The command signal on line 27 and the actual character position signal on line 29, in combination, address PROM 26 to access information therefrom indicating the time required for the carriage to reach its destination position.

Similarly, the command signal on line 34 and the actual print wheel position signal on line 32, in combination, address PROM 33 to access information therefrom indicating the time required for the print wheel to reach its destination position.

Subtractor 37 compares the outputs of PROMs 26 and 33 to determine whether the print wheel will be able to move the selected character into print position by the time the carriage reaches its destination position. If the selected character will arrive in time, then the carriage velocity is not interrupted. However, if the print wheel is unable to reach its destination by the time the carriage arrives at its destination position, then the carriage velocity is interrupted, preferably by reducing its velocity to zero. Carriage velocity interruption occurs as a consequence of the amplifier 38 responding to the output of subtractor 37 to move switches 39 and 40 from their positions shown in FIG. 2, as will be described more fully hereinafter.
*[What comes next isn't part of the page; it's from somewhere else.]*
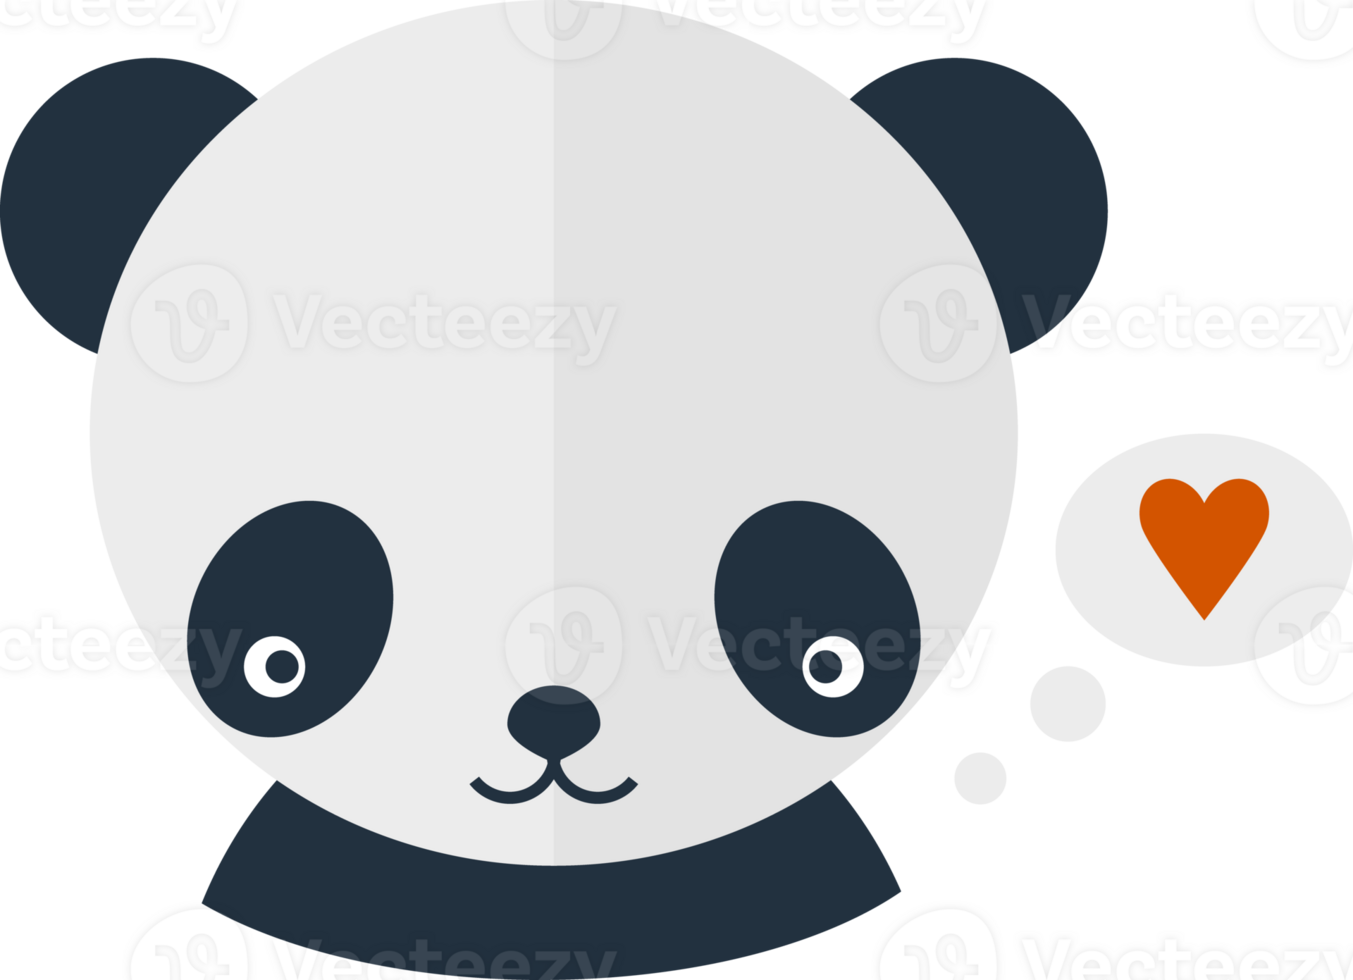 Color avatar panda head in love with heart png

One of the clocks 17 and 18 is connected to carriage circuit 20 via a pole 41 and two contacts 42 and 43 engageable thereby. Pole 41 is a part of a triple-pole, double-throw toggle switch 44.

Switch 44 has ganged poles 41, 45 and 46. Contacts 42 and 43 are connected from clocks 17 and 18, respectively. Contacts 47 and 48, engageable by pole 45, are connected to multivibrator (MV) 21 and MV 22, respectively. MV 21 and MV 22 have output leads 49 and 50 connected to print wheel circuit 19. Contacts 51 and 52, engageable by pole 46, are connected to MV 23 and MV 24, respectively. Pole 41 is connected to input lead 53 of circuit 20. Poles 45 and 46 are connected from circuits 19 and 20, respectively.

Switch 39 is a single-pole, double-throw electronic switch having a pole 54 connected to an input lead 55 of circuit 20. Circuit 20 has an input lead 56 which is also the output lead of MV 23.

Switch 39 effectively has a contact 57 connected from the output of MV 24.

Switch 40 is an electronic single-pole, double-throw switch that has a pole 58 connected to a conventional velocity servo in carriage 25. There is a constant high potential connected to a contact 59 and a zero or ground potential connected to a contact 60. A positive source of potential is connected from a junction 61. A resistor 62 is connected from junction 61 to ground.

OPERATION

The embodiment of the present invention shown in FIG. 2 has a platen 30'.

When switch 44 is in the position shown, the carriage and print wheel are driven at a slower speed by clock 17. The long settling times for the print wheel 30 and carriage 25 are established by MV 21 and MV 23, respectively.

During the time that switch 44 is in the position shown, print wheel 30 and carriage 25 operate conventionally and independently of the potential of switch pole 58.

When switch 44 is moved to the position not shown, MV 22 provides a more limited settling time for print wheel 30. MV 24 provides no settling time at all for carriage 25, therefore, the carriage does not stop, and printing occurs while the carriage continues to move; this takes place so long as print wheel 30 will reach the next character before carriage 25 will reach its next character position. Switch 39 is thus then in the position shown as is switch 40.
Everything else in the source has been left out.